Your assignment - Only the lines from the one containing "Miniature Golf at Hawks Cay Resort with kids" through the end of the listing belong in the answer, repeated exactly, with no pictures.

Given information -
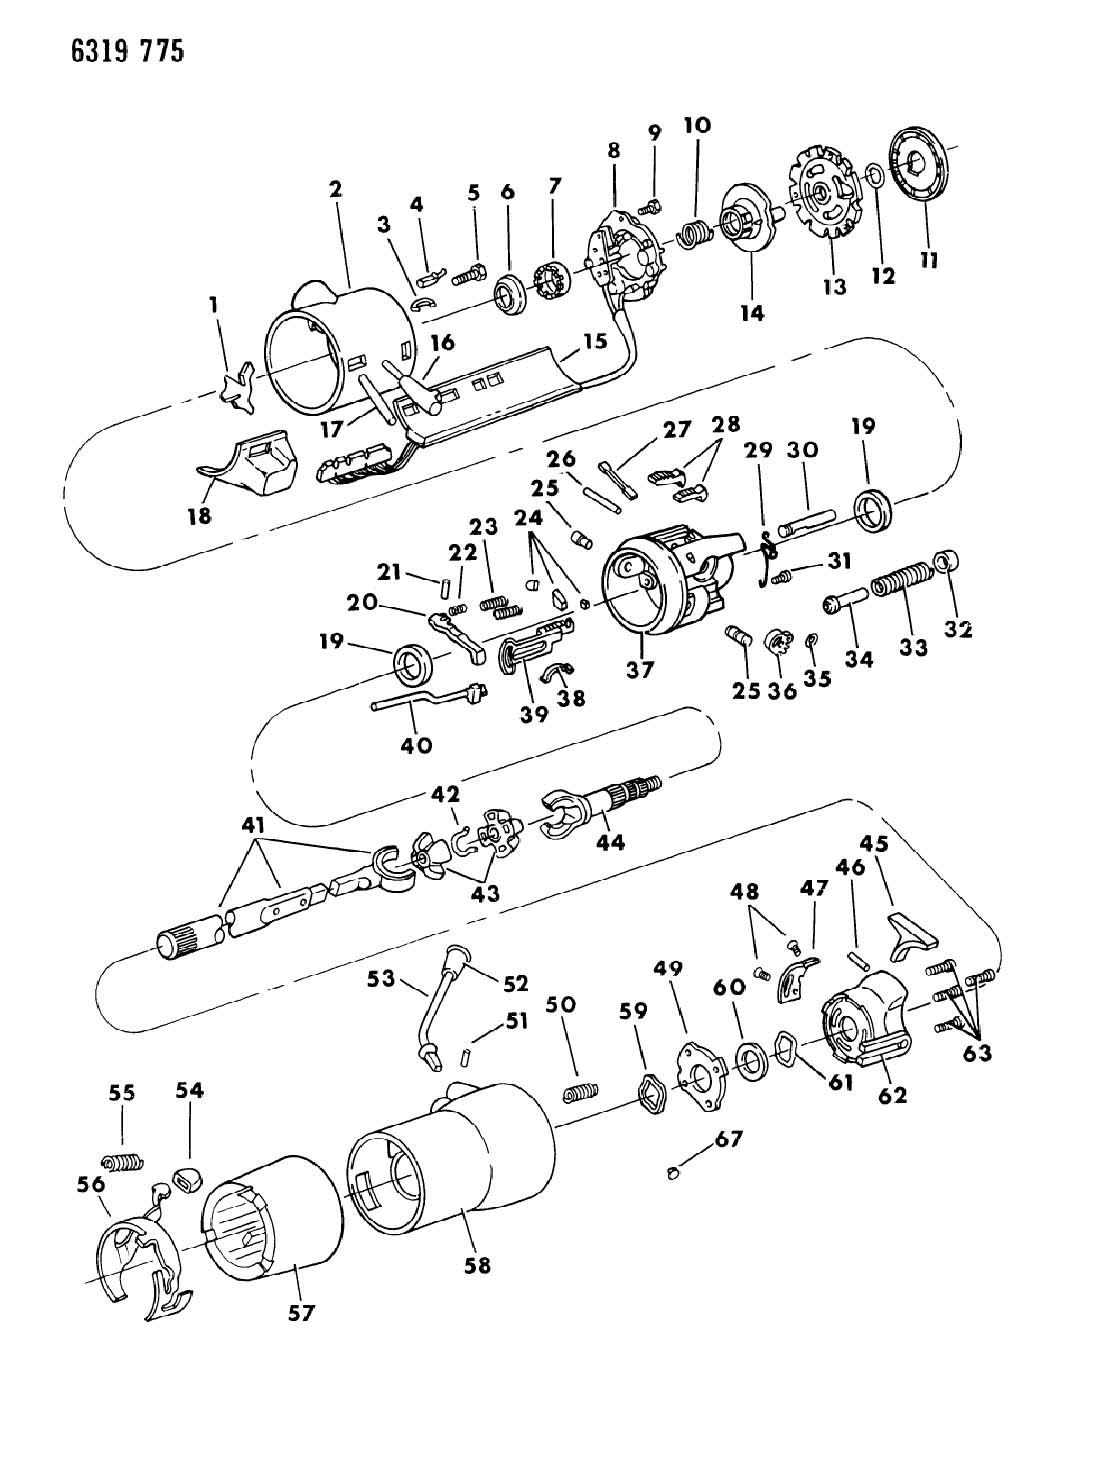 HP PartList furthermore TCPARFM116 also 2002 Dodge Ram 1500 Brake Light Wiring Diagram moreover 50504 moreover 516577019738282274. on ram roll bar
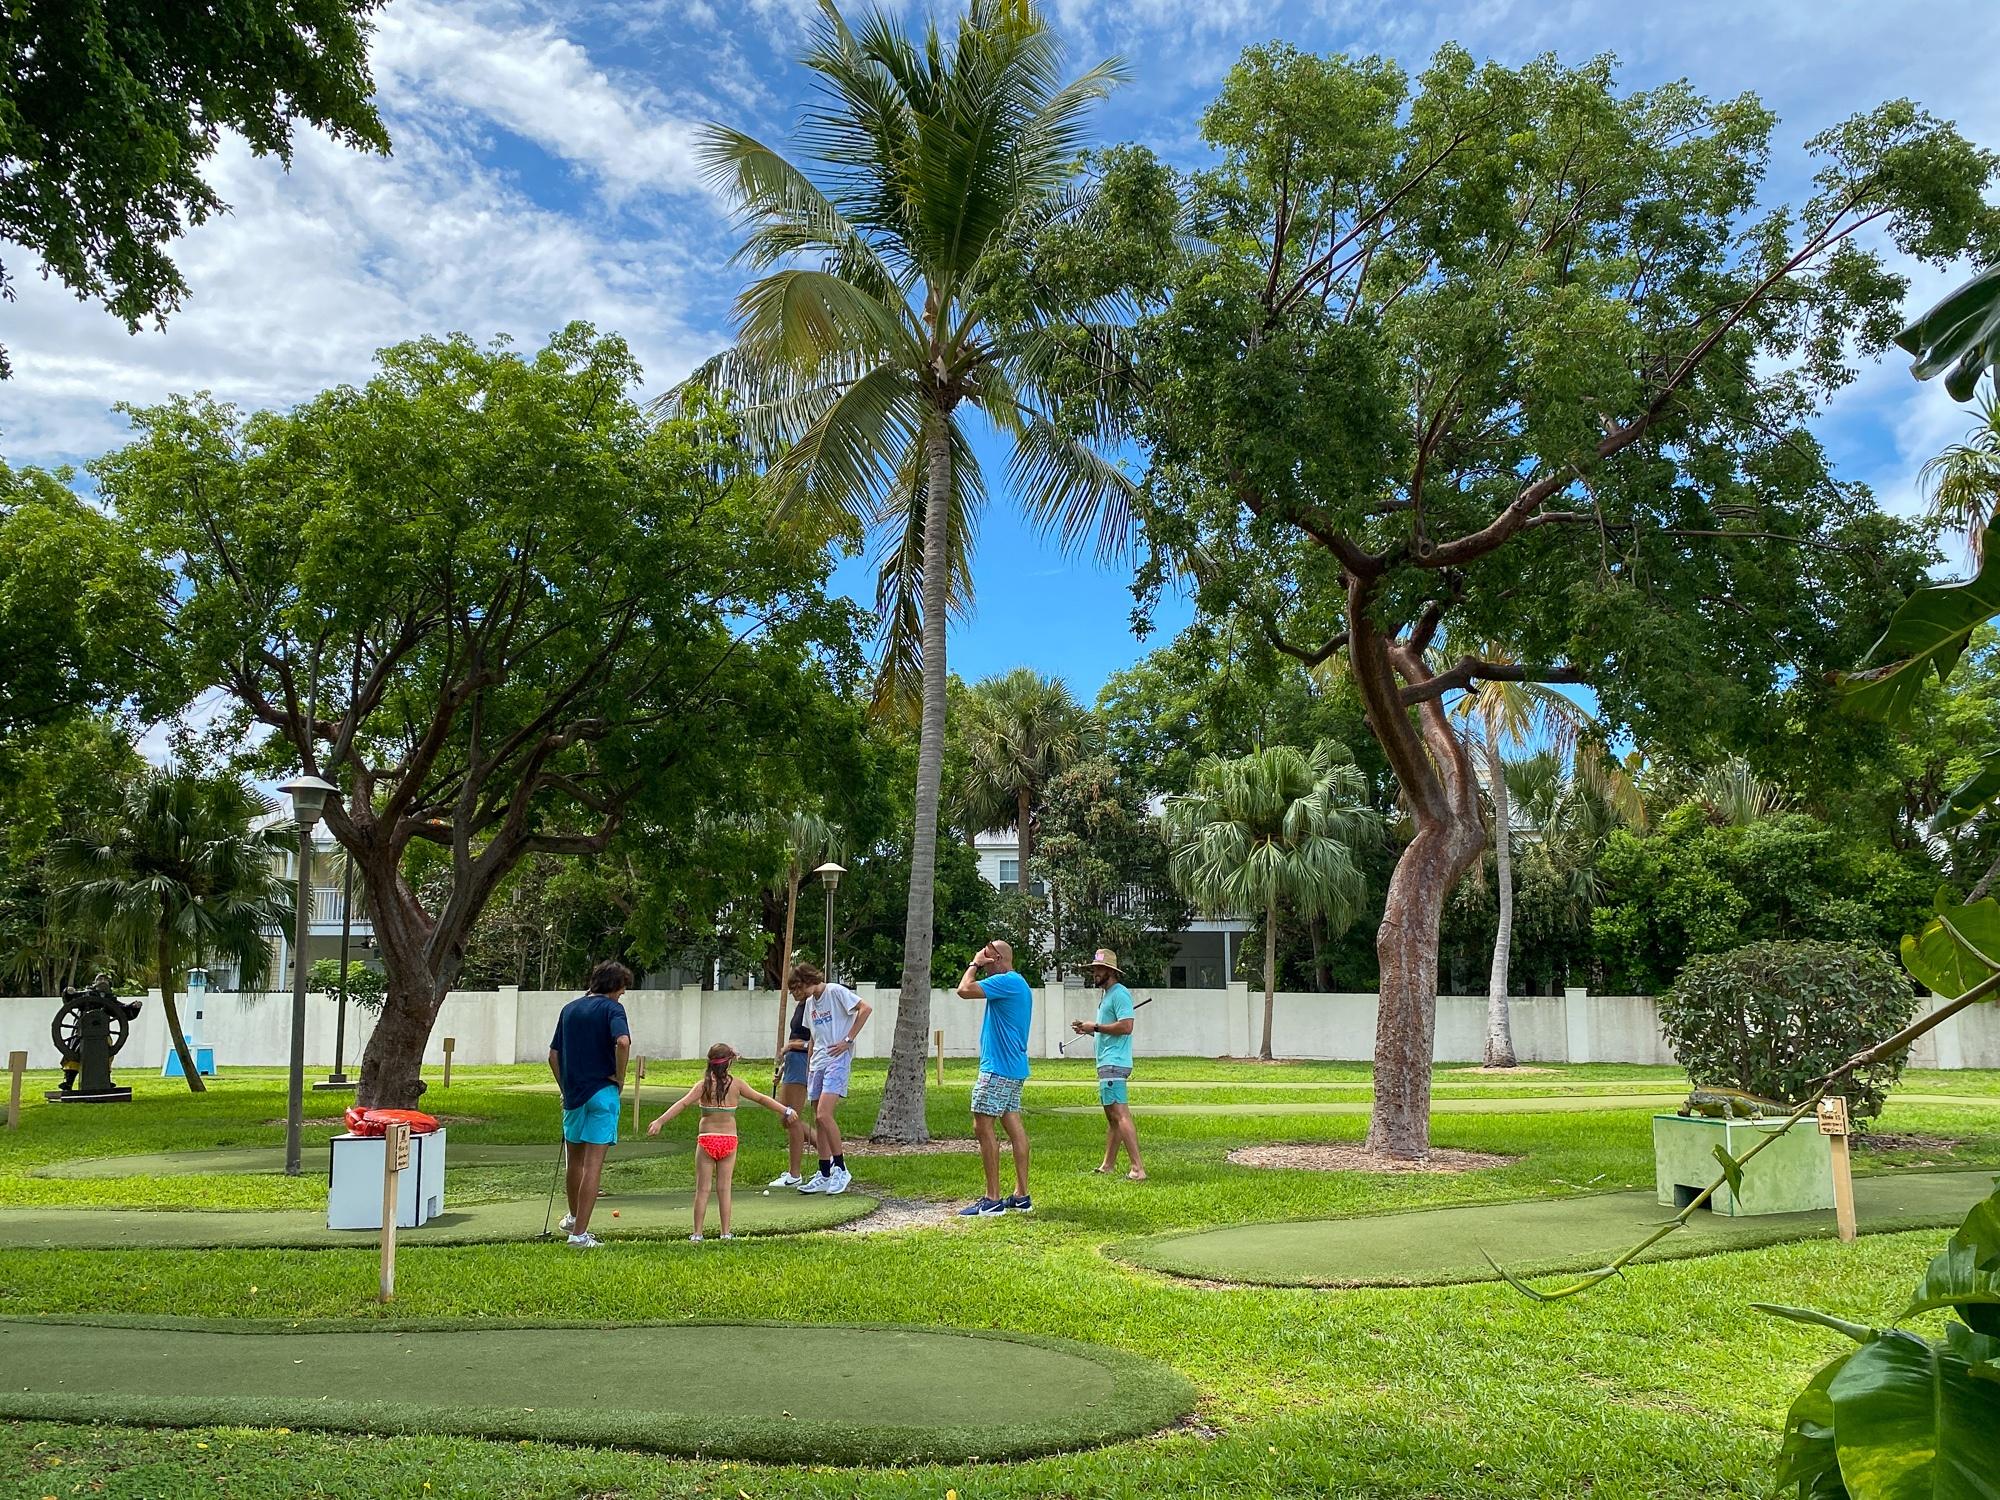 Miniature Golf at Hawks Cay Resort with kids
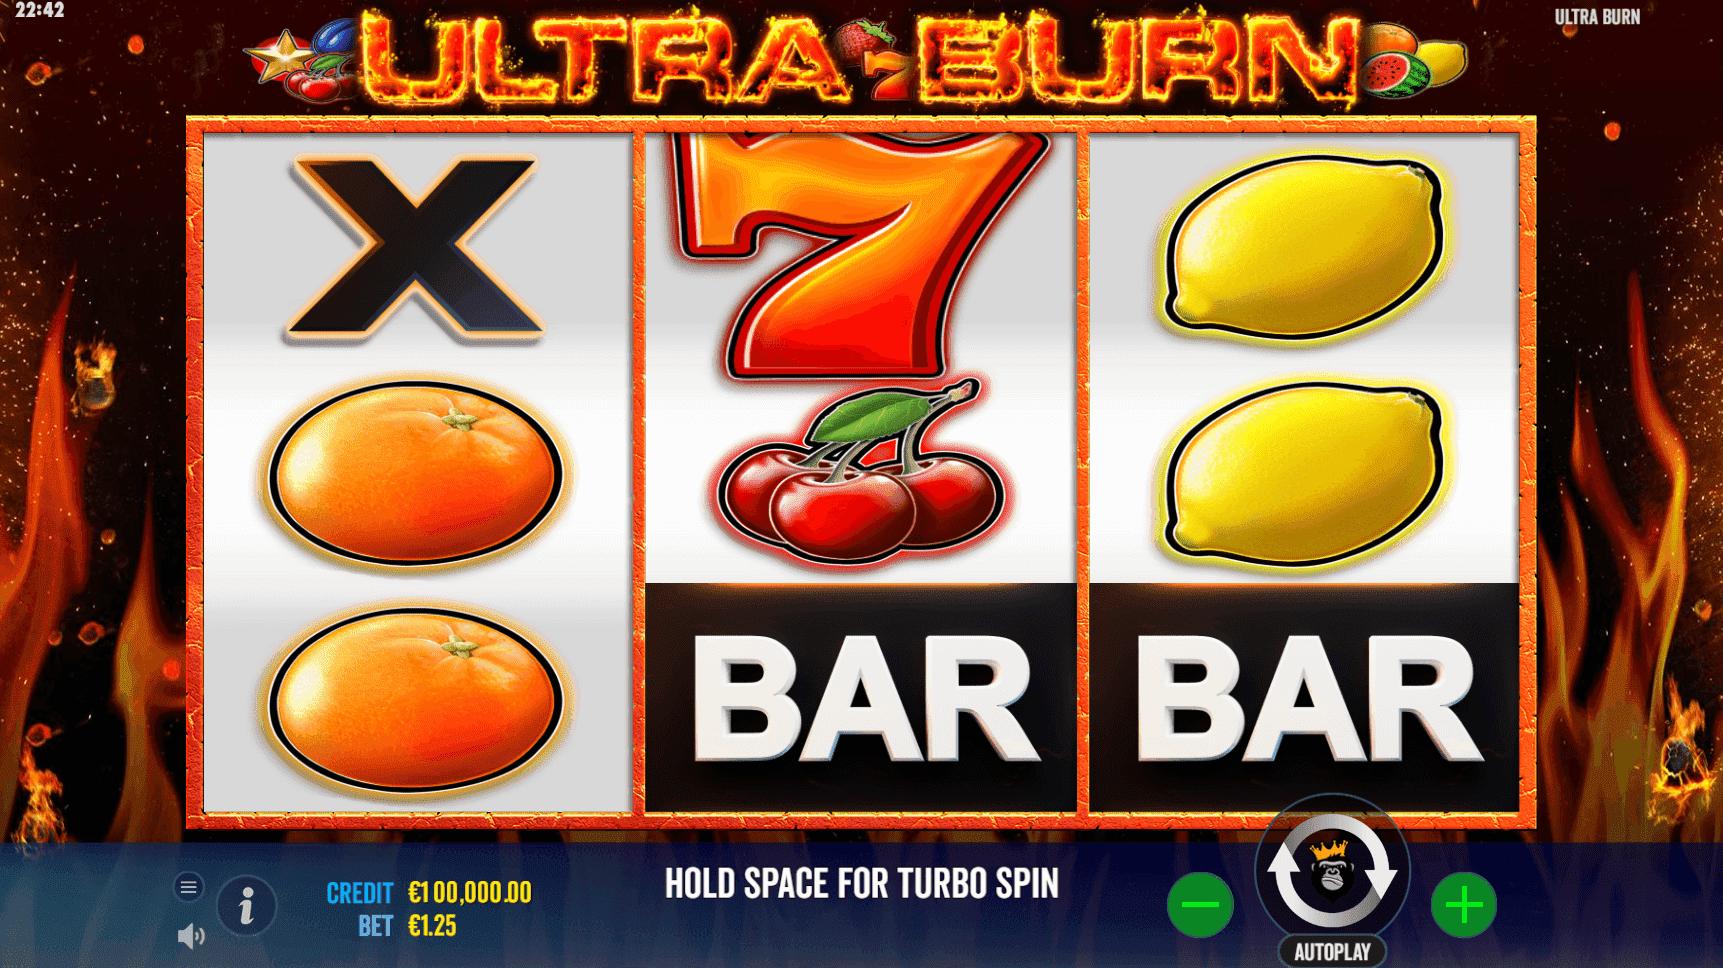 Ultra Burn slot machine screenshot
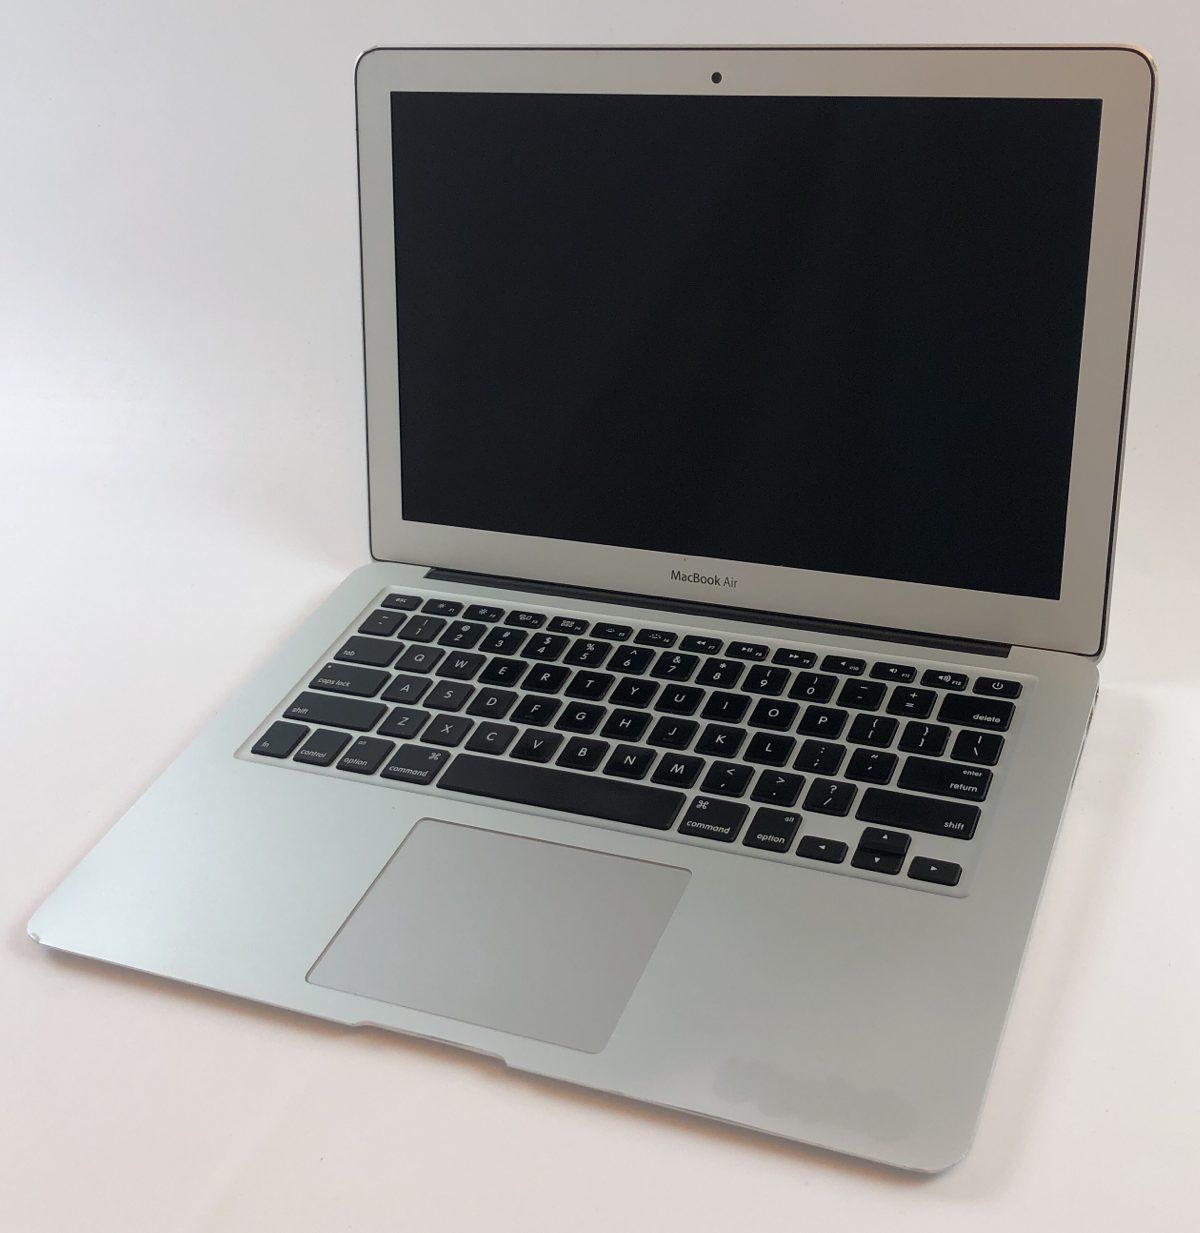 "MacBook Air 13"" Early 2014 (Intel Core i7 1.7 GHz 8 GB RAM 256 GB SSD), Intel Core i7 1.7 GHz, 8 GB RAM, 256 GB SSD, image 1"

Task result -
 Miniature Golf at Hawks Cay Resort with kids
 Ultra Burn slot machine screenshot
 "MacBook Air 13"" Early 2014 (Intel Core i7 1.7 GHz 8 GB RAM 256 GB SSD), Intel Core i7 1.7 GHz, 8 GB RAM, 256 GB SSD, image 1"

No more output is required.